I want to run two commands but the second command depends on the first.
Is there a way to do something like this.
find . -name '*.txt' -exec 'y=$(echo 1); echo $y' {} \;
...
And actually, I want to do this. Run the find command, change to that directory that the file is in and then run the command on the file in the current directory.

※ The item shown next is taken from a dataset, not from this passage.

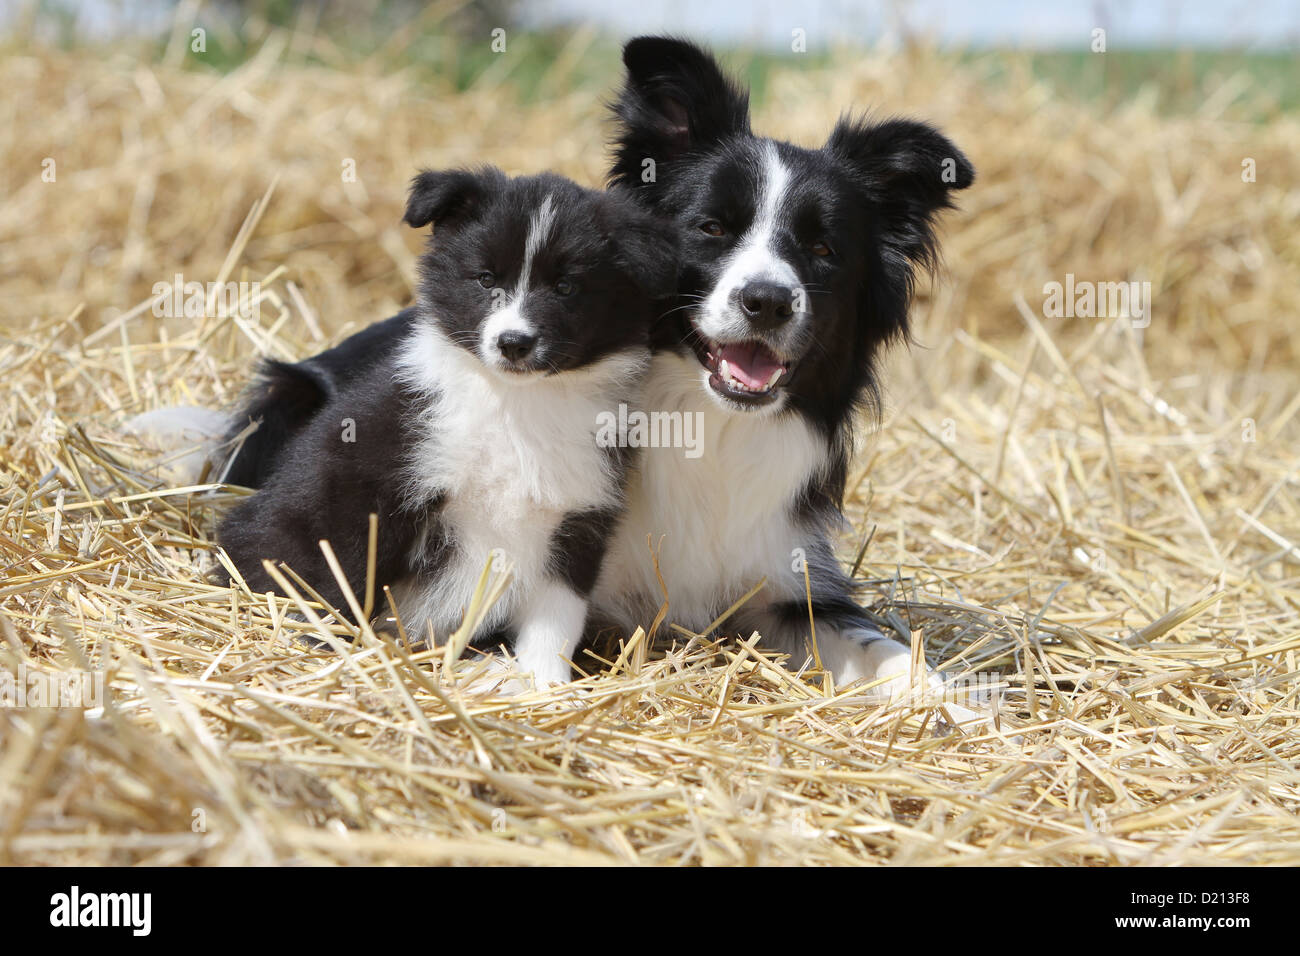 Dog Border Collie adult and puppy black and white lying in the straw Stock Photo

find . -name '*.txt' -exec 'cd basedir && /mycmd/' {} \;
How do I do that?
find actually has a primary that switches to each file's directory and executes a command from there:
find . -name '*.txt' -execdir /mycmd {} \;
Find's -exec option expects an executable with arguments, not a command, but you can use bash -c cmd to run an arbitrary shell command like this:
find . -name '*.txt' -exec bash -c 'cd $(dirname {}) && pwd && /mycmd $(basename {})' \;
I have added pwd to confirm that mycmd executes in the right directory. You can remove it. dirname gives you the directory of each file and basename gives you the filename. If you omit basename your command will receive (as {}) pathname to each file relative to the directory where you run find which is different from mycmd's current directory due to cd, so mycmd will likely fail to find the file. If you want your command to receive absolute pathname, you can try this:
find $PWD -name '*.txt' -exec bash -c 'cd $(dirname {}) && pwd && /mycmd {}' \;